3. RESULTS-CURRENT ACHIEVEMENTS IN PD PHARMACOGENOMICS

3.1. Pharmacogenetic Studies of Levodopa

Levodopa is one of the most commonly used and effective drugs for PD treatment. Most pharmacogenomic studies have explored polymorphisms associated with its response and adverse effects. The investigated genes were mainly those involved in levodopa metabolism, transport, and excretion, including the catecholamine-o-methyltransferase (COMT) gene, the dopamine receptors (DRD1-5) gene, the dopamine transporter (DAT) gene, the dopa decarboxylase enzyme (DDC) related genes and others [14-16]. Among them, the COMT gene has been confirmed to play a role in levodopa response.

3.1.1. COMT Genes

The COMT gene is localized on chromosome 22q11.1-q11.2. It encodes catecholamine-o-methyltransferase (COMT), which converts levodopa into 3-O-methyldopa in the body [17]. Elevated levels of COMT increase the degradation of L-levodopa, thereby reducing its effectiveness. Conversely, combining levodopa with COMT inhibitors enhances its efficacy. G1947A polymorphism (also called RS4680) in exon 4 of the COMT gene changes valine (Val) to methionine (Met) at amino acid 158 of the COMT enzyme, affecting the thermal instability of the enzyme and decreasing its activity [18]. Studies have found that COMT enzyme activity varies greatly among individuals.
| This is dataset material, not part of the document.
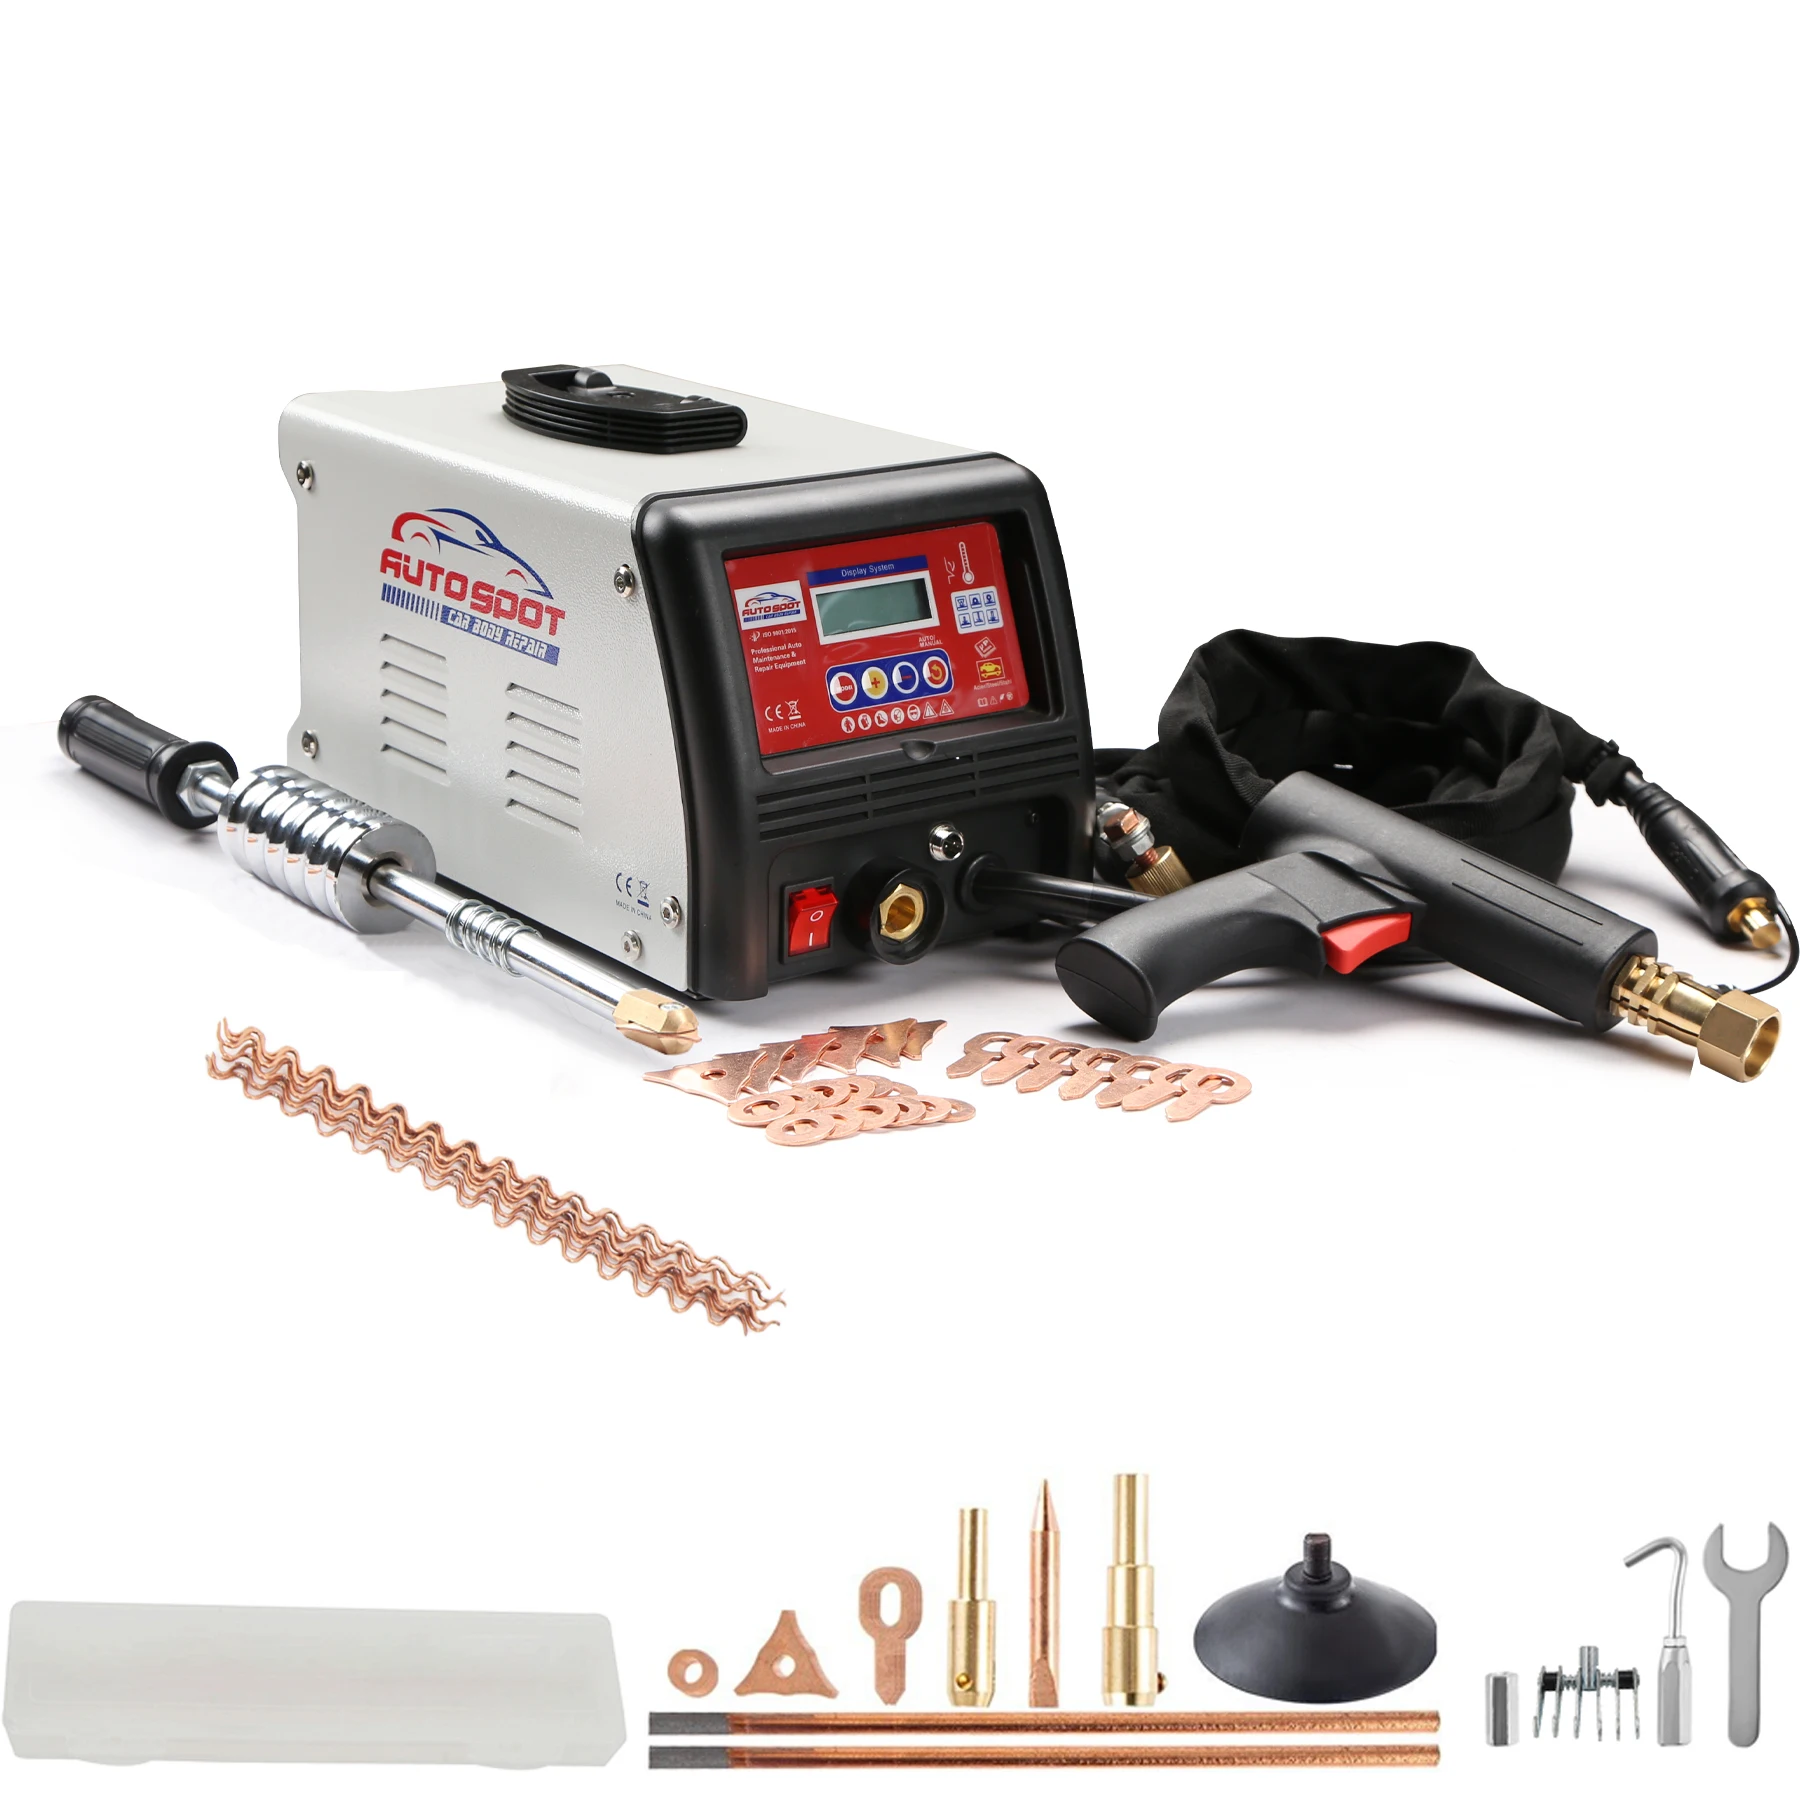 110V/220V/380V 3500A 3KW F98ES Panel Spot Welding Machine Puller, Vehicle Dent Removal, Manual Spot Welder Tool，Metal Plates Dent Repair two jaw twin legs bearing gear puller remover hand tool removal kit

Three phenotypes have been characterized: high activity, moderate activity, and low activity in the population, which are determined by co-dominantly inherited COMT-H (high) and COMT-L (low) alleles. Their genotypes include COMT-HH (Val/Val), COMT-HL (Val/Met), and COMT-LL (Met/Met) [19, 20]. Several experiments have confirmed that the COMT genotype affects the efficacy of levodopa. Generally, other conditions held constant, patients with a highly active COMT (COMT-HH) phenotype tend to require a larger dose of levodopa than those with a lowly active COMT (COMT-LL) phenotype. Bialecka and his colleagues divided 95 patients with sporadic PD into two groups based on daily levodopa dose: group 1 received levodopa at dose > 500 mg per day and group 2 received levodopa at dose < 500 mg per day. They found that the COMT-LL genotype was more common in group 2 than in group 1 [21]. A study by Cheshire et al. examined the effect of COMT, MAO-A, and BDNF polymorphisms on levodopa response in 285 patients with PD, establishing that homozygous COMT activity was associated with a higher maximum daily dose of levodopa [22]. These findings were recently corroborated by Sampaio et al. research [23]. Better clinical response to lower L-dopa doses in patients with low COMT activity may be explained by slower catabolism of the drug, more stable serum and CNS (central nervous system) drug concentrations, and lower levels of 3-O-MD. However, some studies showed no significant correlation between COMT gene polymorphism and levodopa use [24, 25].

3.1.2. DR Genes

Dopamine receptor genes DRD1, DRD2, DRD3, DRD4, and DRD5, encode dopamine receptors D1, D2, D3, D4, and D5, respectively. Current studies about DR gene polymorphism and drug response mainly focus on the effects of DRD2 and DRD3 gene polymorphisms on the severity of the side effects of dopamine preparation. Few studies have found that the DRD2 and DRD3 gene polymorphisms are associated with the maximum daily dose limit of levodopa tolerated by patients. DRD2 is located at 11q22-23, with its main genetic variant, TaqIA (RS1800497) [26] associated with movement effects, including movement fluctuations and disorders induced by L-dopa. TaqIA originally belonged to the DRD2 gene family but was later classified as the ANKK1 gene, which lies downstream of DRD2 and overlaps with DRD2. Kaiser et al. [27] found no correlation between DRD2/ANKK1 and the clinical characteristics of patients treated with L-dopa. In contrast, Dos Santos et al. found that DRD2/ANKK1 was significantly associated with increased doses of L-dopa in a 2019 study involving 195 patients with sporadic PD in Brazil [28].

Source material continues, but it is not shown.